The speaker stopped abruptly. The passenger had alighted; he was standing
beside the cab, shakily thrusting a five-dollar bill in the driver's
direction.
For the first time, the taxi man was gaining a complete look at his fare's
face.
The pallor of that countenance was plain. To the driver's astonished
eyes,
his passenger looked like a living corpse. Dumbly, the taxi driver took the
money, sat gawking as he heard a quavering voice tell him to keep the change.
He watched the passenger turn and make faltering strides through the side door
of the office building.
Slowly, the taxi driver reached beside him and drew a newspaper into
view.
It was a copy of the Dorchester Evening Clarion, the evening journal that
served
this city of two hundred thousand population.

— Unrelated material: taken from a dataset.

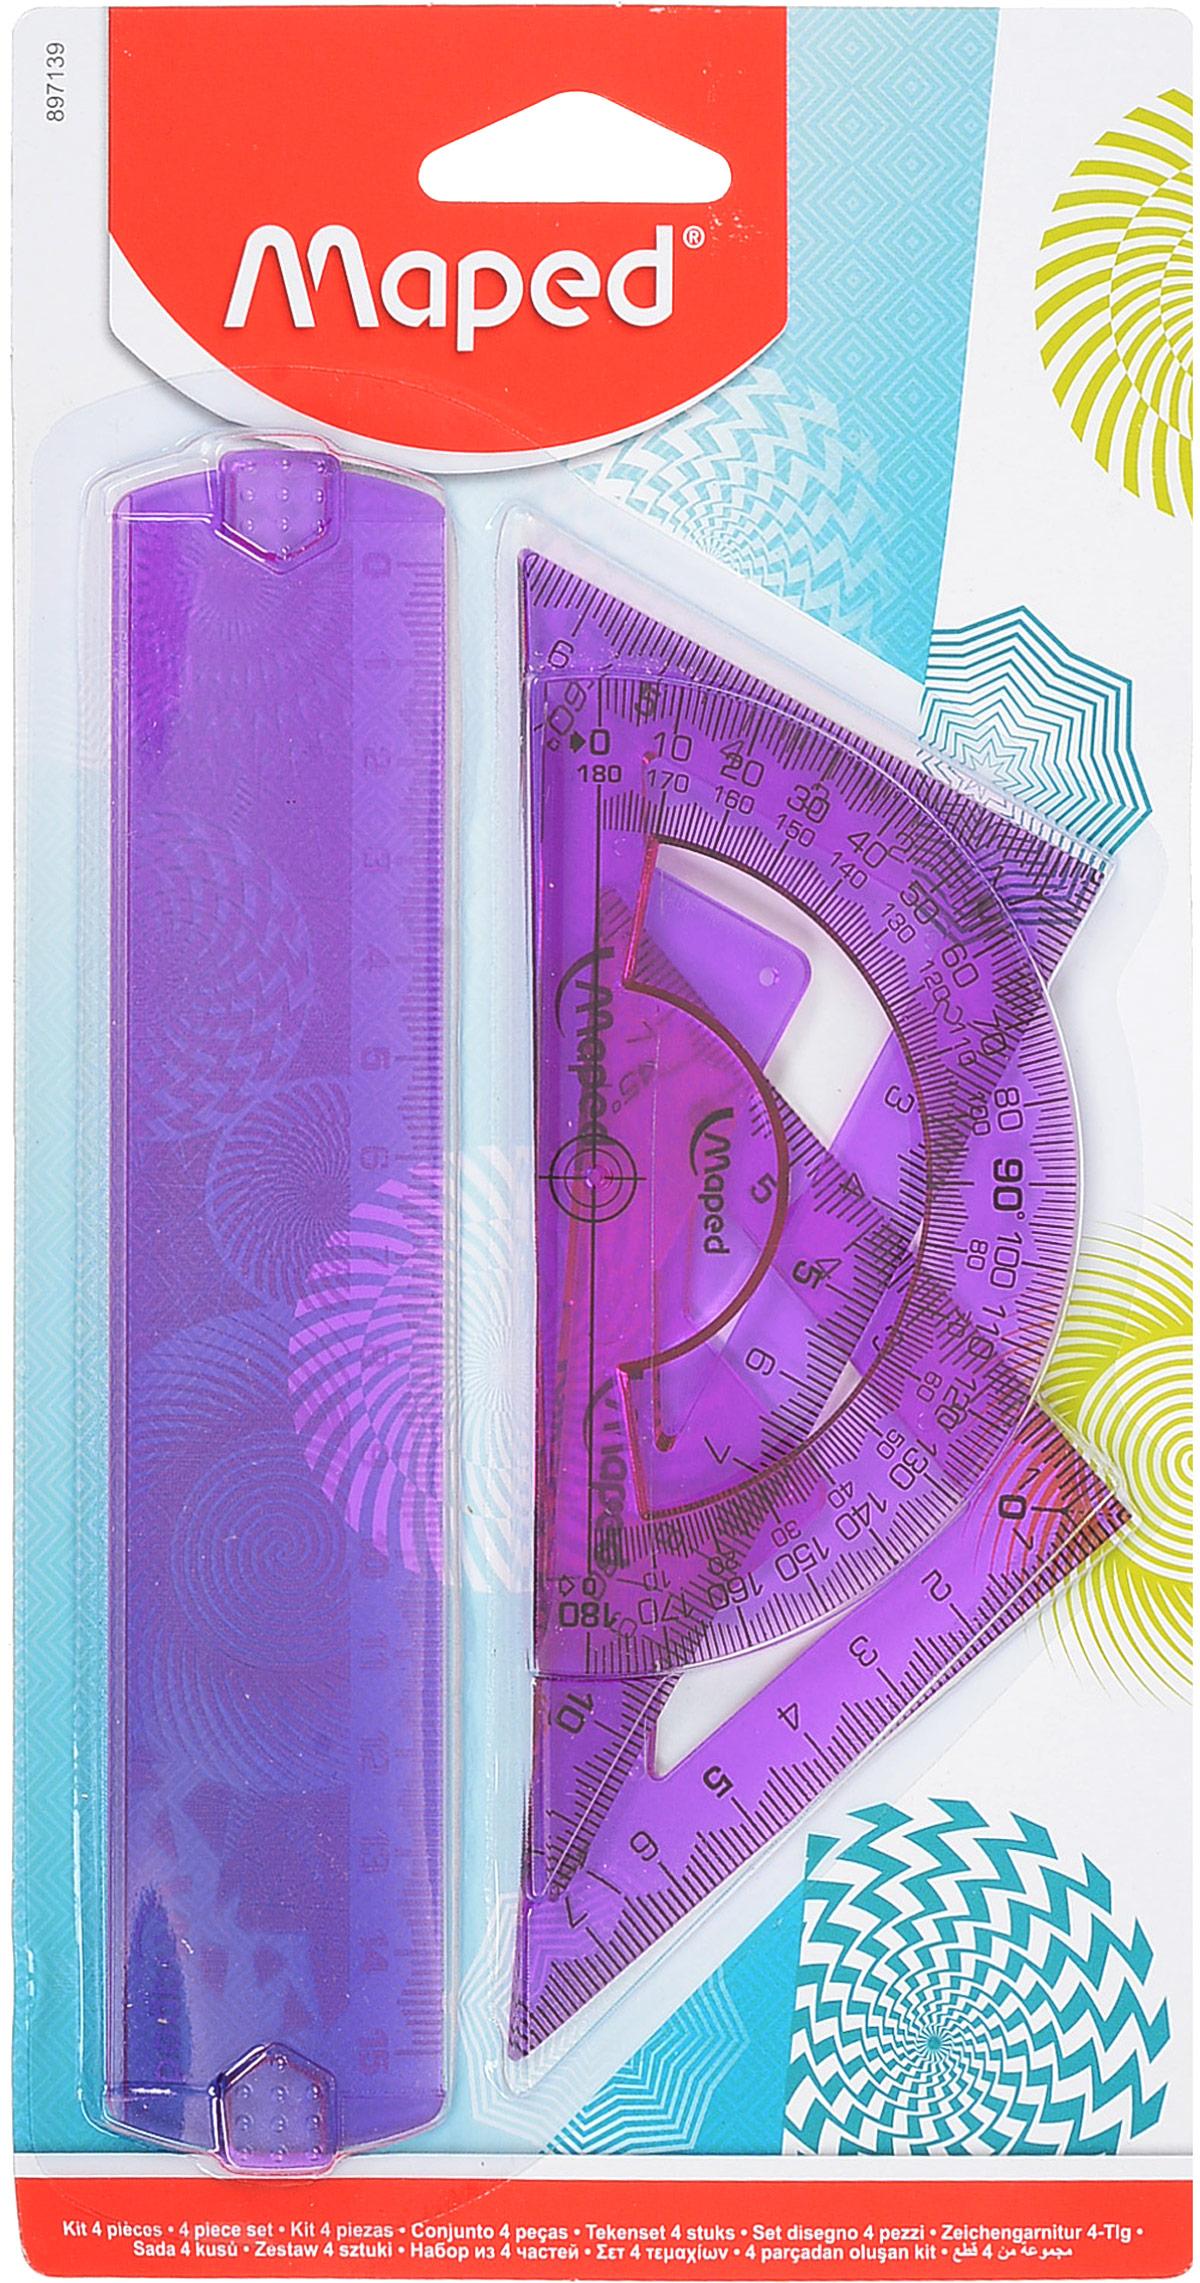 Maped Геометрический набор Start мини 4 предмета цвет фиолетовый897139_фиолетовыйГеометрический набор Maped, выполненный из цветного прозрачного пластика, состоит из трех предметов: линейки на 15 сантиметров, транспортира на 180 градусов и 2 угольников. Один угольник с углом 45 градусов, второй угольник - 60 градусов. Нулевая отметка расположена в вершине угольников, что позволяет измерять и чертить одновременно.Шкала выполнена гравировкой.

Tilting the newspaper into the
light, the taxi man saw the printed picture of the passenger who had just left
the cab.
Nodding to himself, the taxi man drove to the next corner; there he
stopped and beckoned to another cabby, who was standing gloomily beside a
vacant taxi. The fellow came over; the first driver pointed to the picture.
"Lookit," he said. "Ludwig Meldon. The guy that went screwy and unloaded
all his stock in Dorchester Power & Light. Knocked the price down and sold out
all he had left, today. They say he lost a quarter million!"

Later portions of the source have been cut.